Exercise brief => Leave the pictures out and repeat the rest of the data below exactly.

Information provided =>
══════════

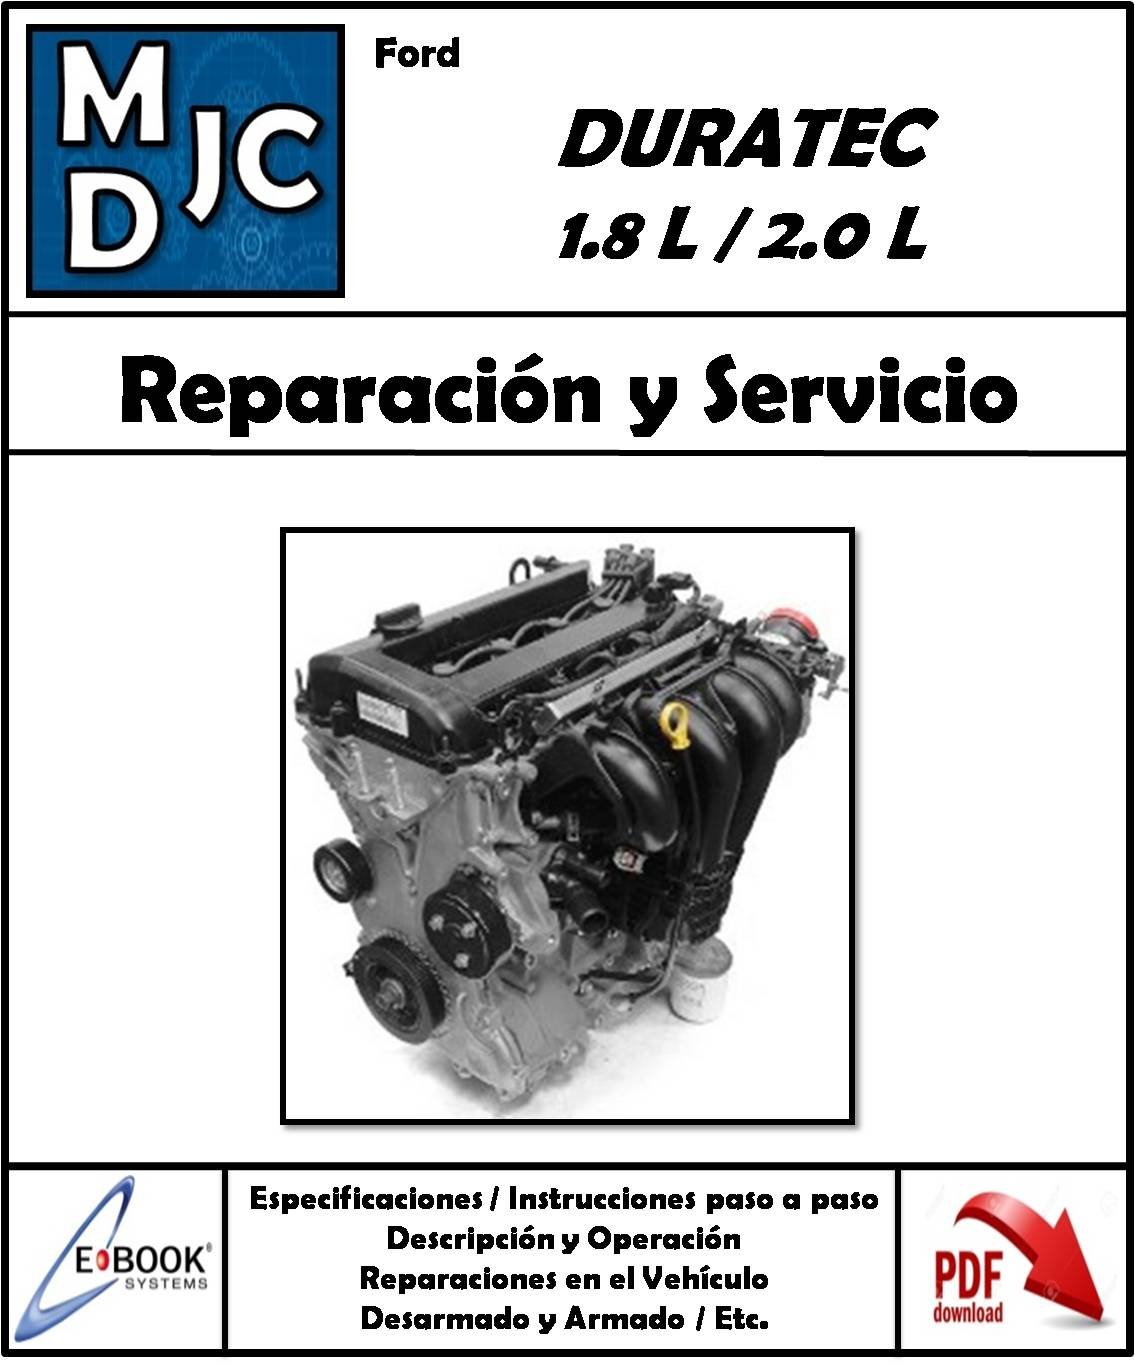 Ford Motores  1.8 L  /  2.0 L  Duratec
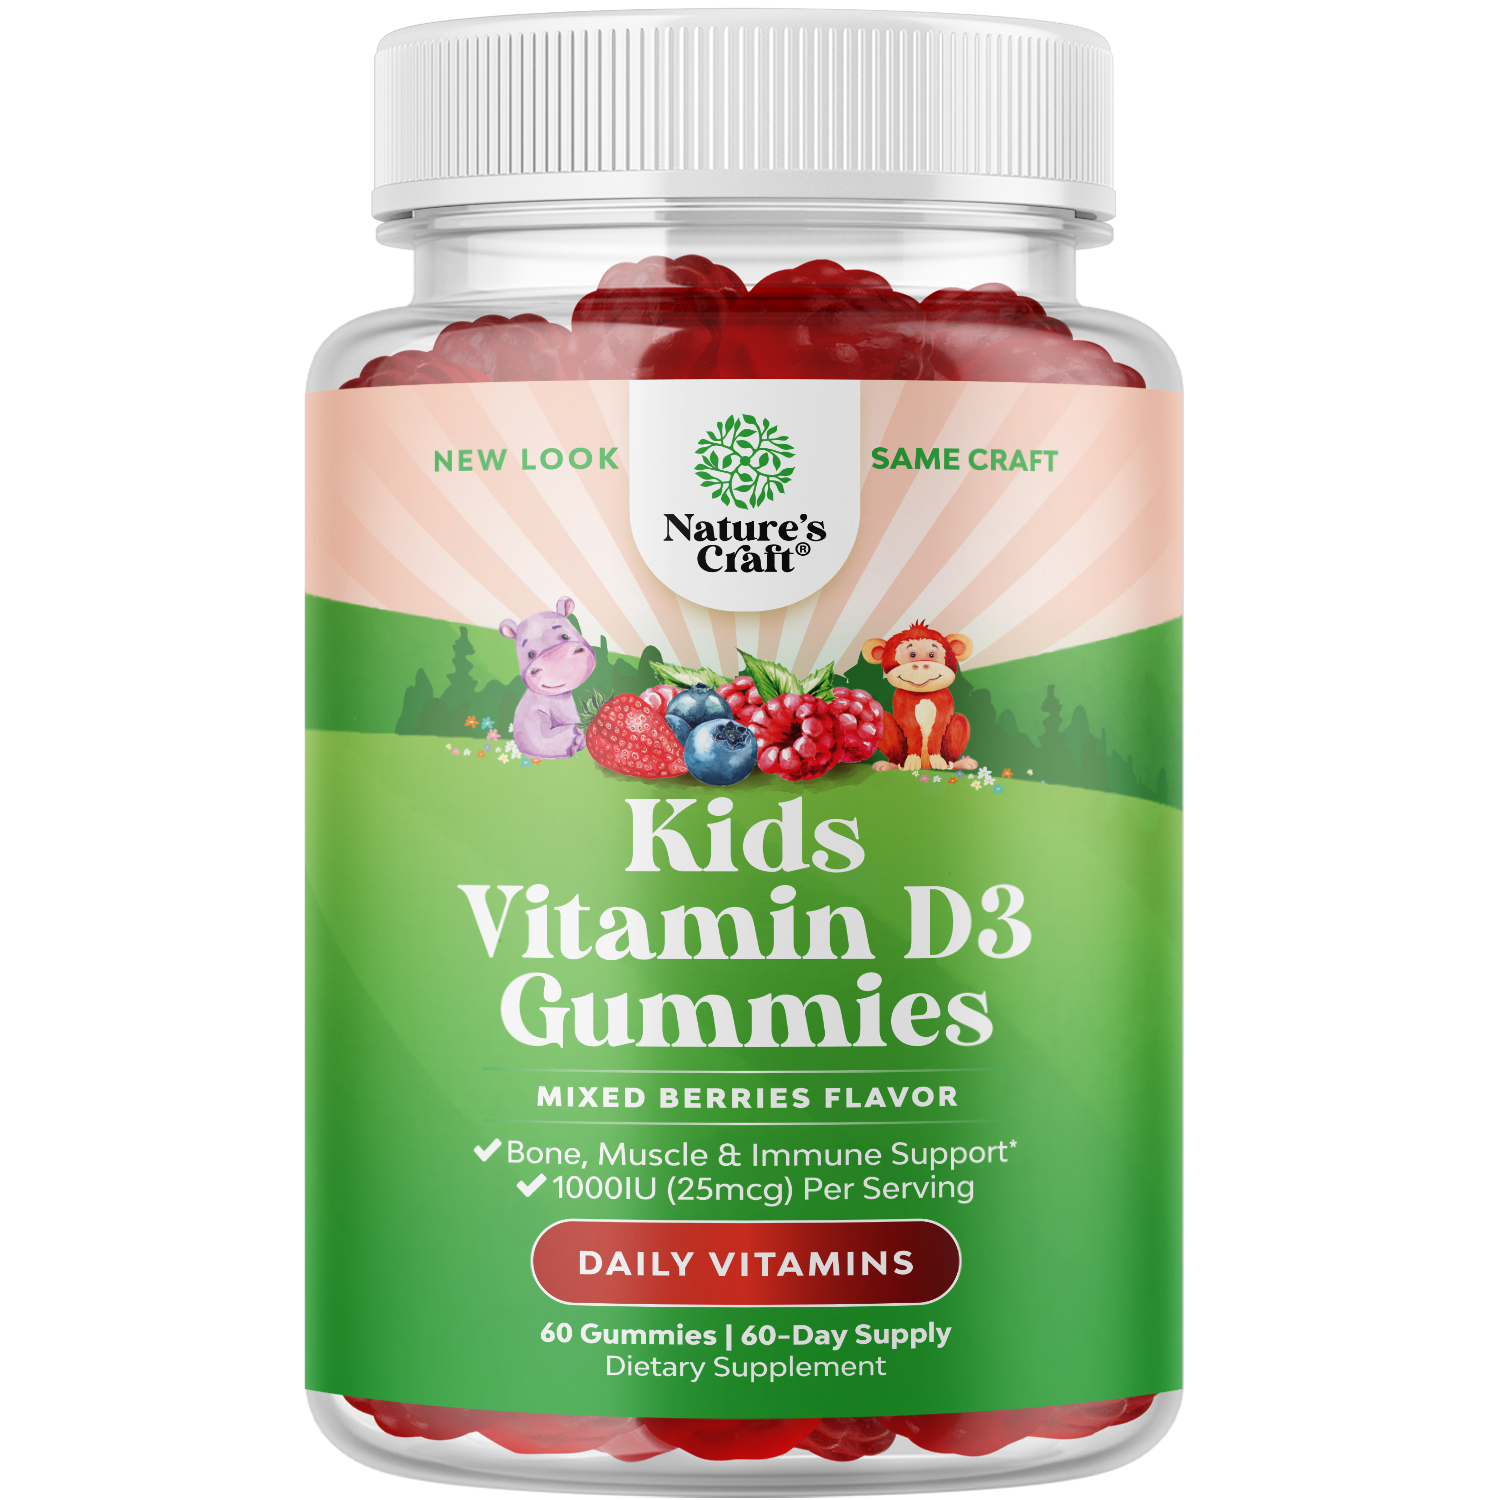 Kids Vitamin D3 Gummies - 60 Gummies
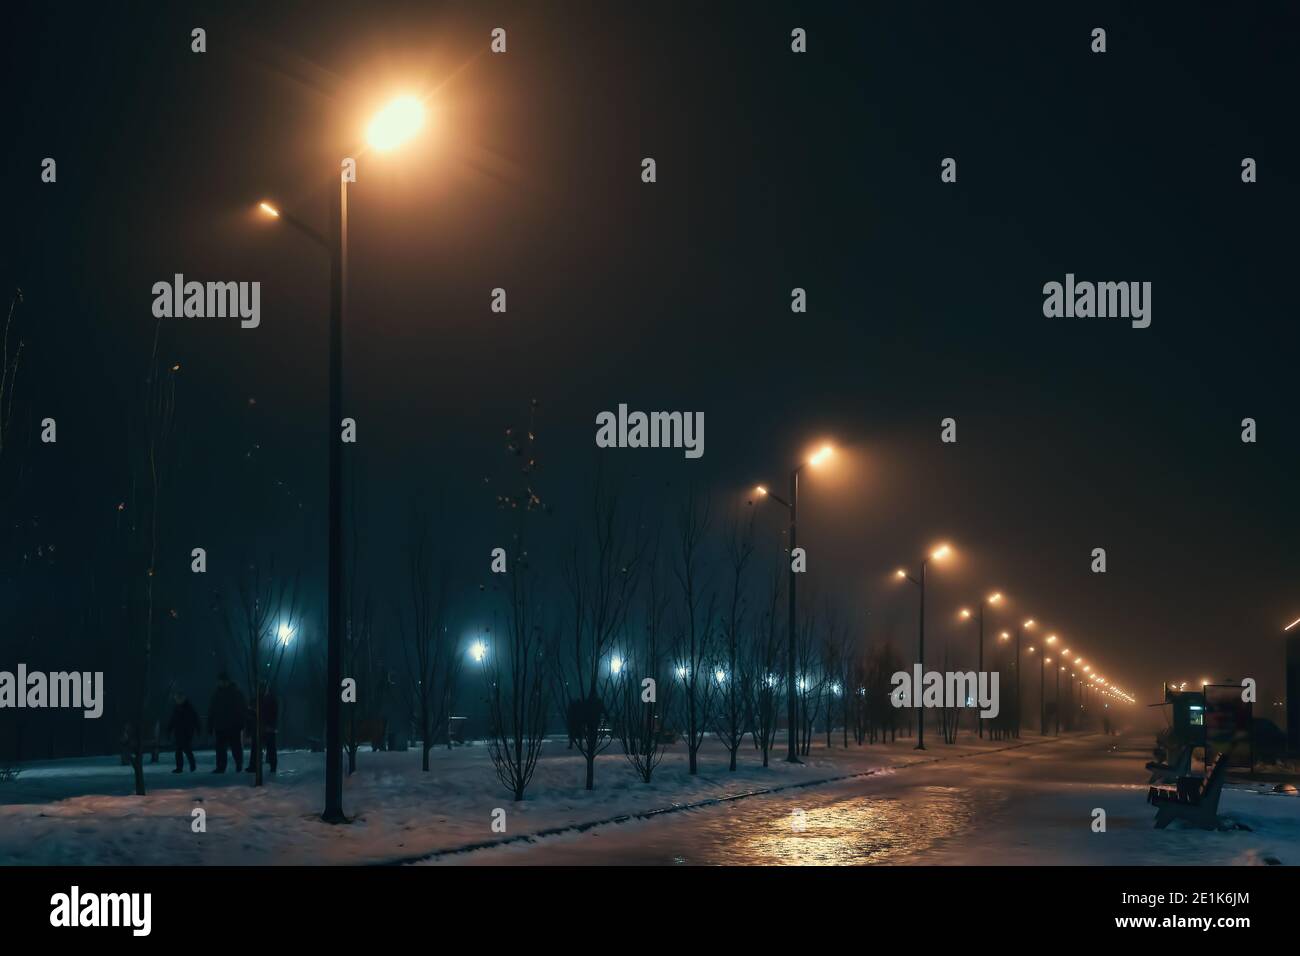 Vialetto urbano in nebbiosa notte invernale illuminato da lampioni stradali. Foto Stock

══════════

Solution below =>
 Ford Motores  1.8 L  /  2.0 L  Duratec
 Kids Vitamin D3 Gummies - 60 Gummies
 Vialetto urbano in nebbiosa notte invernale illuminato da lampioni stradali. Foto Stock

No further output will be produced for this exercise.